Referring to FIG. 3A, FIG. 3B, and FIG. 3C. FIG. 3A is a schematic diagram showing an ink coating device according to an embodiment of the present disclosure. FIG. 3B is another schematic diagram of an ink coating device according to an embodiment of the present disclosure. FIG. 3C is a partially enlarged drawing of the ink coating device according to the embodiment of the present disclosure. As shown in FIG. 3A and FIG. 3B, the ink coating device includes a replica soft rubber elastomer transfer head 100 and a foundation 300. The transfer head 100 includes a plurality of transfer structures 110, and the foundation 300 is configured to securely hold the optical element 200, so that the transfer head 100 is able to accurately align itself with the optical element 200 and press the transfer surface 112 downwardly onto the optical element 200.

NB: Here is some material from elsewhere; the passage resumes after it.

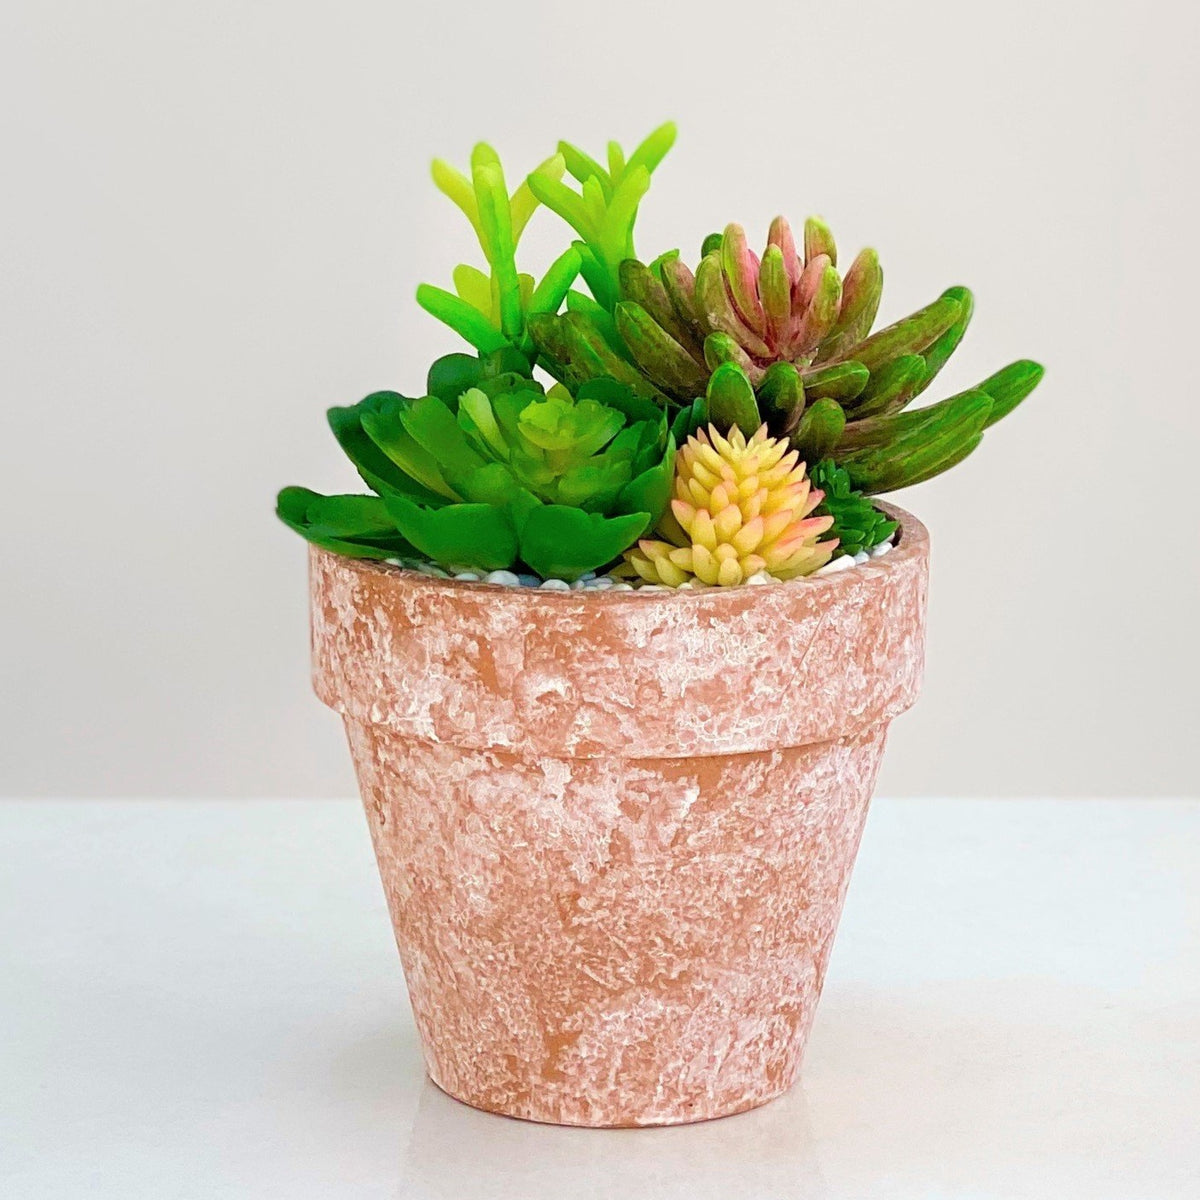 Succulent Arrangement in a Round Mud Pot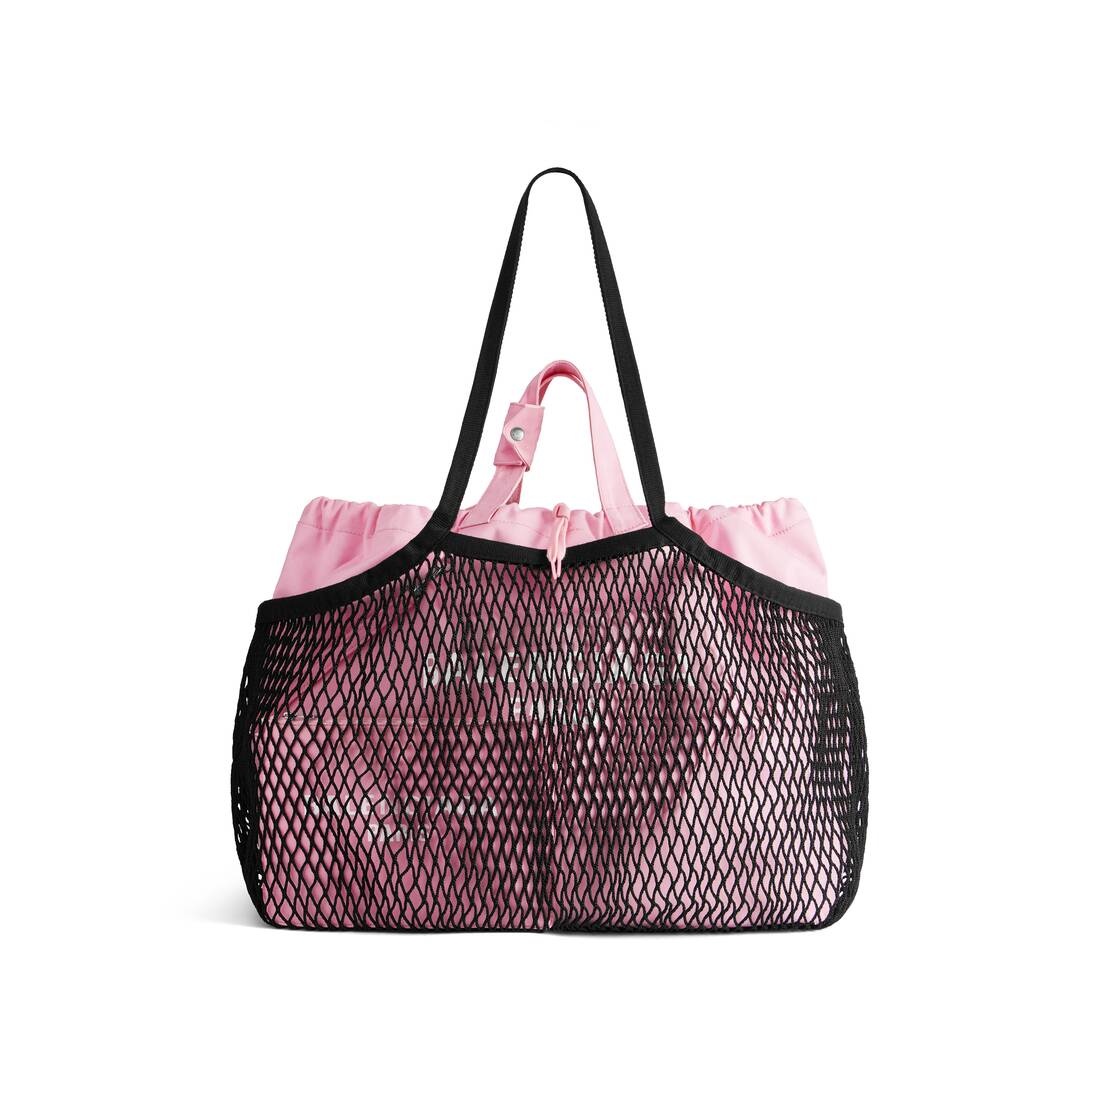 Women's 24/7 Large Tote Bag in Pink/black - 1

In the embodiment disclosed herein, the composition of the transfer head 100 includes a blend of elastomers, tackifying resins, plasticizers, and fillers. Common types of soft rubber bodies include natural rubber, styrene butadiene rubber (SBR), nitrile butadiene rubber (NBR), silicone rubber, and other synthetic rubber, or other elastic deformable soft rubber bodies. The hardness of the rubber bodies may range from about 10 HA to about 90 HA. In summary, the transfer head 100 may uniformly imprint the transfer surfaces 112 onto the microstructures 214 of the optical element 200 which is securely held by the foundation 300.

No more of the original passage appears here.